Can't wait scientific Q&A about the true nature of the 4th dimension of space (is it the own frequency that make a reality individual), the Maxwell equations (are they only 3D as our actual 3D space-time interpretation of it or are they multidimensional, where is hiding the gravity in the Maxwell's equations), the ether (since science gave up this concept, what is its true nature), the variable speed of light (how to reveal it), the overcome of the Einstein's theory of relativity (with its "wrong" Lorentz' group and the interpretation of light as a classic object with a speed), the Unified Field Theory (will it be still a theory once we'll find it)... we have so many questions on these subjets ; as you said, it's juste the beginnig af a wonderful expansion of consciousness initiated by the one and only @Laura !

Thanks folks for making it so real ! Merci de tout cœur :-)
 
Since Grok is trained on X content, maybe it's not a bad idea to spread some Cassiopaea love on X, so the info is more readily picked up?

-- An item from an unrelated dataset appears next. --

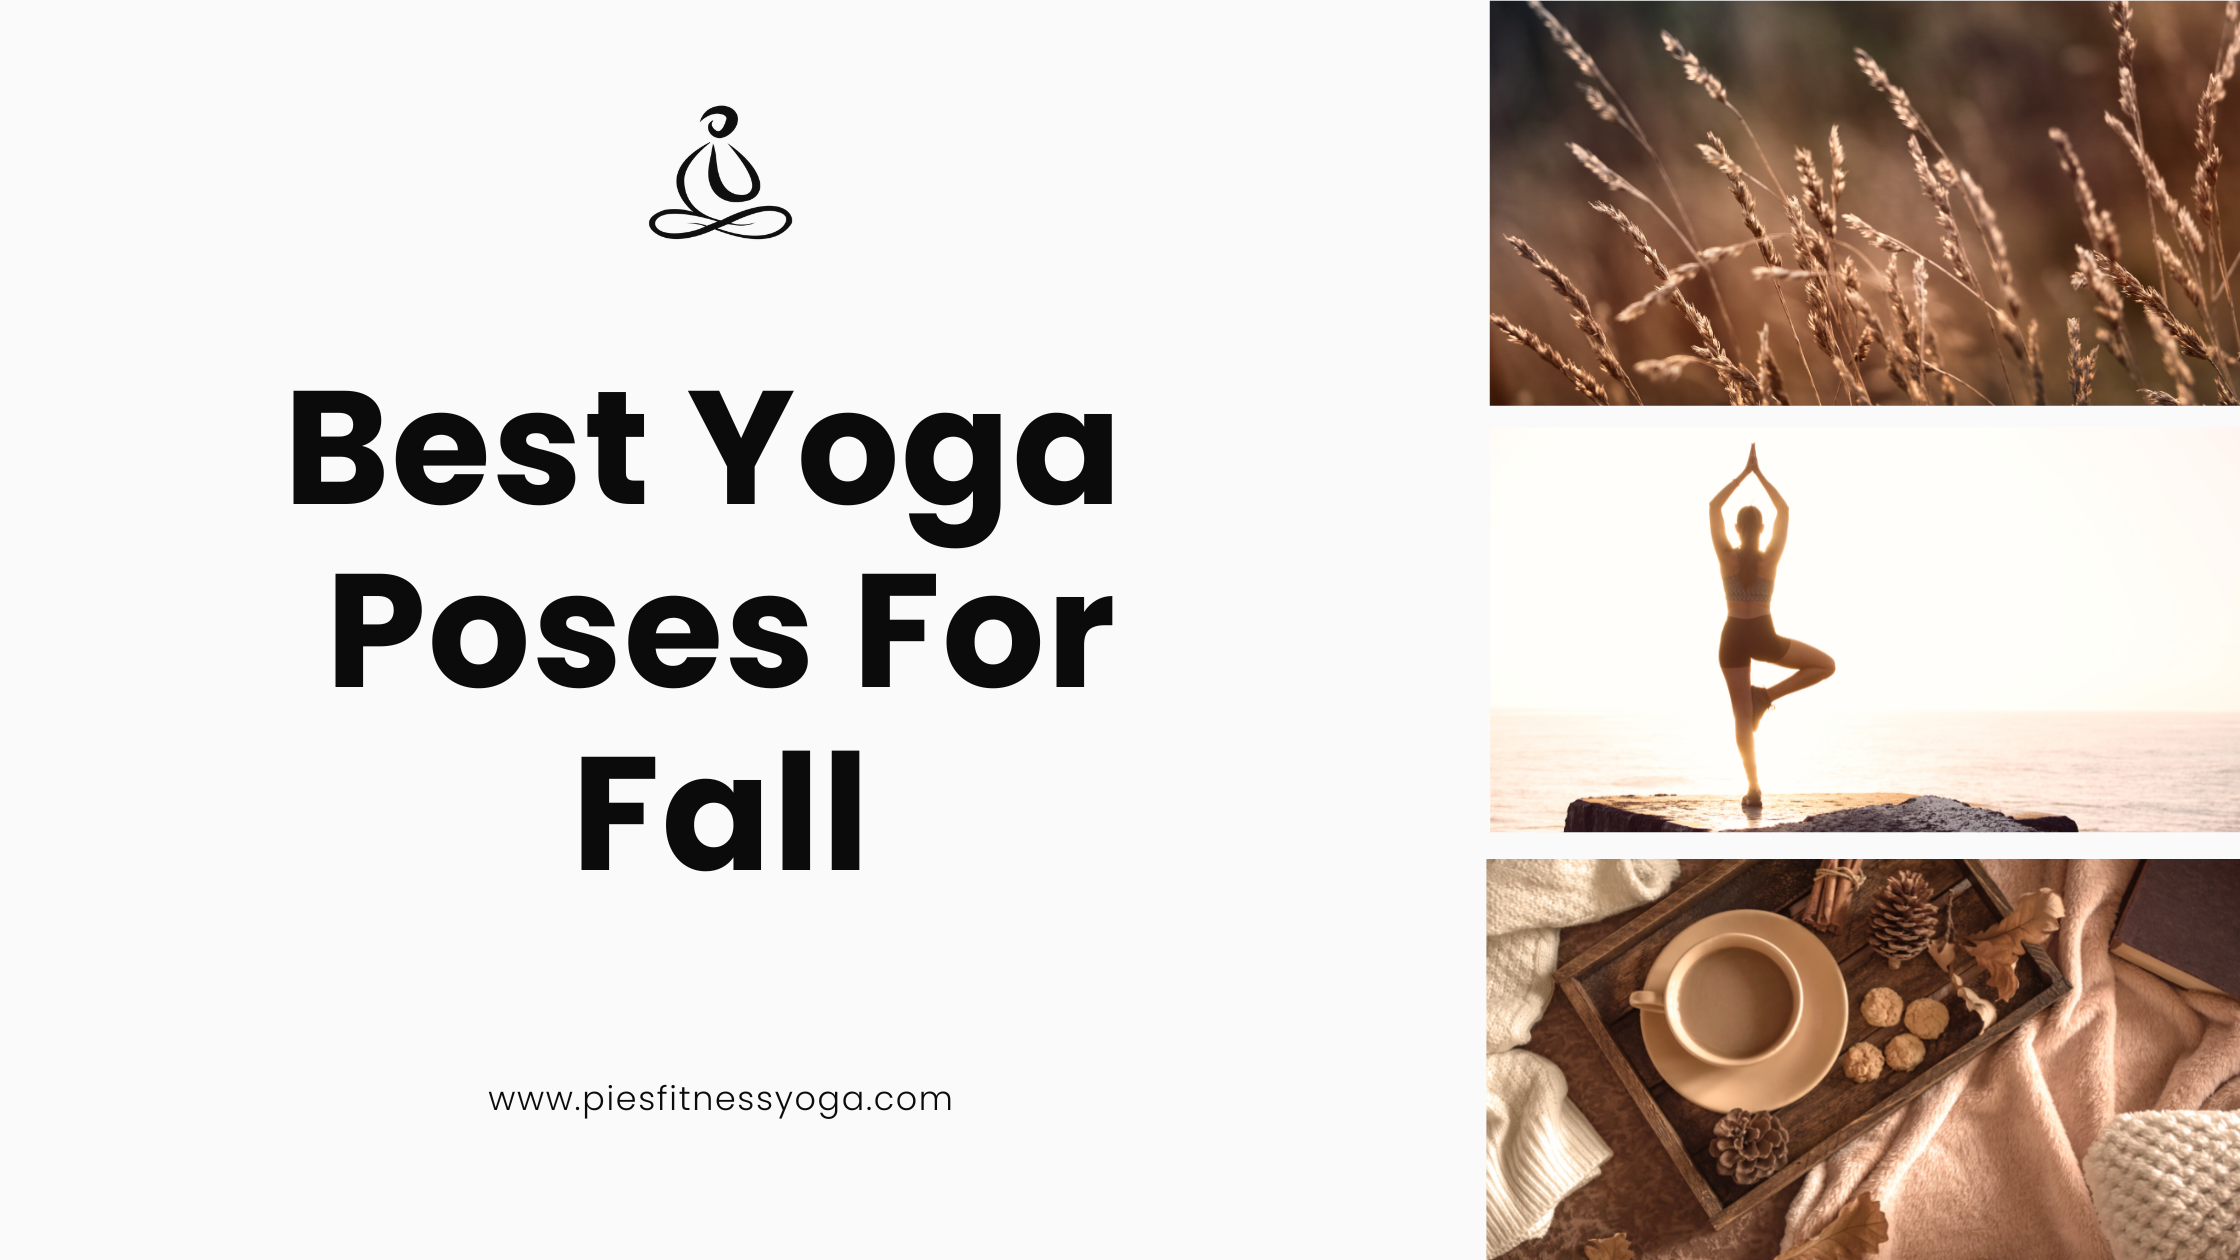 Best Yoga Tips For The Fall

Kinda like how the new podcasts are already in its training.

Yeah, that would be a good idea. As you said, Grok is trained on X content , and it preferentially uses the feed of the person asking the question to provide responses. One way to prevent this and perhaps get a more objective response is to do the following in your X account.
  • Select "Privacy & Safety"
  • Select "Data sharing and personalization"
  • Select "Grok"
  • You will see “Data Sharing”
  • Toggle off the option to “Allow your interactions, inputs, and results to be used for training and fine-tuning”.